I do the tutorial in 3 parts and show close ups and detail. You can view it if you would like to see all the little tricks. 


I made 3 of them they were so fun and easy (Once I worked out the bugs.)

[ame]https://www.youtube.com/watch?v=SXLP1OIzTvg[/ame]


----------



## LuLuToo (Dec 19, 2015)

Very nice!

LuLu


----------



## DW (May 10, 2002)

That is very cute...I need to remember this!


----------



## ladidotti (Dec 24, 2015)

This is such a great way to re-purpose "left-overs" that would otherwise wind up as rags or in the trash. I was wondering if you've ever done something in crochet with old t-shirts? I have a growing pile of them that I've "inherited" from family members and am not sure what approach to take since the t-shirts are various fabric blends. Considering the fact that they are used and a bit tired, should this even be an issue? 
If anyone has any pointers for this I would appreciate any advice that's out there. I haven't really started searching the internet on this yet, but if you can save me a step or two I will gladly accept!

Thanks, and happy "hooking"!


----------



## grannygardner (May 4, 2005)

ladidotti said:


> This is such a great way to re-purpose "left-overs" that would otherwise wind up as rags or in the trash. I was wondering if you've ever done something in crochet with old t-shirts? I have a growing pile of them that I've "inherited" from family members and am not sure what approach to take since the t-shirts are various fabric blends. Considering the fact that they are used and a bit tired, should this even be an issue?
> If anyone has any pointers for this I would appreciate any advice that's out there. I haven't really started searching the internet on this yet, but if you can save me a step or two I will gladly accept!
> 
> Thanks, and happy "hooking"!


I use old t-shirts to make rag rugs. It doesn't make a difference what fabric blend they are as long as they're well used and no longer shrink.


----------



## SimplyErin (May 29, 2014)

ladidotti said:


> This is such a great way to re-purpose "left-overs" that would otherwise wind up as rags or in the trash. I was wondering if you've ever done something in crochet with old t-shirts? I have a growing pile of them that I've "inherited" from family members and am not sure what approach to take since the t-shirts are various fabric blends. Considering the fact that they are used and a bit tired, should this even be an issue?
> If anyone has any pointers for this I would appreciate any advice that's out there. I haven't really started searching the internet on this yet, but if you can save me a step or two I will gladly accept!
> 
> Thanks, and happy "hooking"!


You could make any of the rag rugs on my channel with t-shirt yarn. However this rug is a great example that I used t-shirts. This is a braid-in rag rug using t-shirt. This rug braids it into the rug as you go.

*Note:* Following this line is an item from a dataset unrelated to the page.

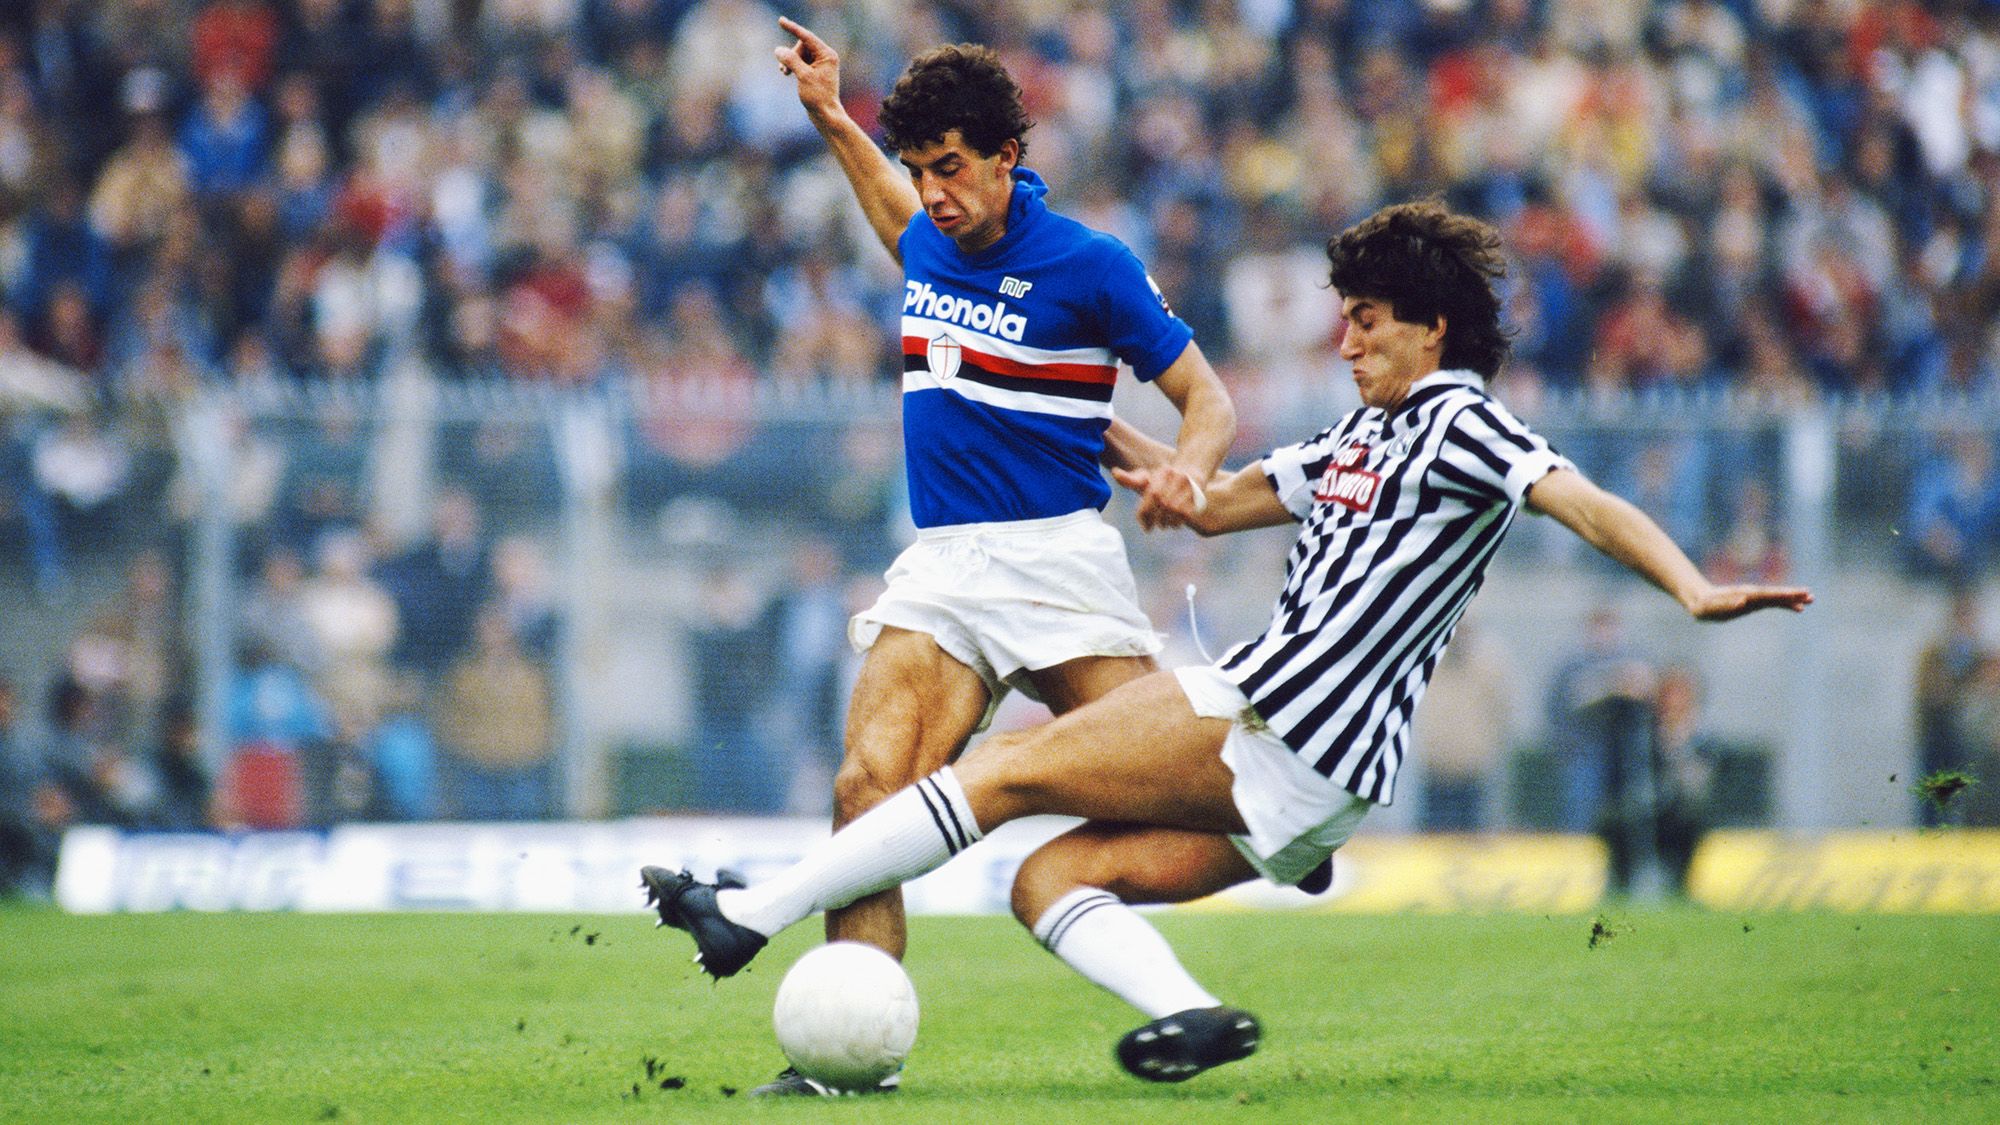 Former Italy striker Gianluca Vialli dies aged 58

[ame]https://www.youtube.com/watch?v=XGjSLhal0Uc[/ame]


----------



## ladidotti (Dec 24, 2015)

Oh My Gosh!! I _absolutely love this! I actually own a couple of these kind of rugs, and believe me I paid dearly for them years ago. They have held up remarkably well, despite being washed quite frequently, since they are amongst my favorites as far as scatter rugs go. I am now excited about trying something with all of these tee's I've been saving, not to mention the space it'll free up in my closet! I am going to look for some pointers on cutting the shirts up.
*FYI: I thought your videos were very nicely made, and the instructions you gave were quite clear and easy to follow.*[/B]I look forward to watching your tutorial on the crocheted rug made from sheets. _
Thank You, Erin


----------



## SimplyErin (May 29, 2014)

ladidotti,

Thank you for your kind words. If you have started your braid-in rag rug I hope it is going well. You mentioned in your comment you would be looking to see how to cut the t-shirt yarn. I do not have a video on cutting t-shirt yarn yet, however I just published a video "Learn to Cut Sheet Yarn in ONE LONG Strip (Big Time Saver)". You could adapt this idea by using the body (tube) of the t-shirt and cut it the same way I show in the video and make one long strip of t-shirt yarn. I will try to include the link here. I hope that will help a bit. 

P.S. For some reason I missed your respond to my post until now. Have a great day.

[ame]https://www.youtube.com/watch?v=BPlXk7HP2b4[/ame]


----------



## minxbay (Jan 28, 2003)

SimplyEric,
The rugs are GEORGOUS, makes me wish I knew how to crochet.


----------



## SimplyErin (May 29, 2014)

This is a beginner video to making a rag rug. I teach you how to crochet. It only requires a chain stitch and a single crochet. Very simple even for the novice!! Take a look!! [ame]https://www.youtube.com/watch?v=TlenWaRweXw[/ame]


----------



## termite76 (Apr 3, 2015)

I make rectangular ones all the time, but your way of making heart shaped ones is much better than what I had come up with. I love making rugs from flat sheets, the older ones have fun colors and better quality cotton. I snip the edges a my boy will tear them for me. I have tried t-shirts and I always seem to distort them.


----------



## SimplyErin (May 29, 2014)

[ame]https://www.youtube.com/watch?v=s-OkzIOURX0[/ame]

This shows how to make t-shirt yarn in one long strip. You can use this to make rag rugs. Hope you find it interesting.


----------



## minxbay (Jan 28, 2003)

you can buy old sheets at thrift shopps for cheap.


----------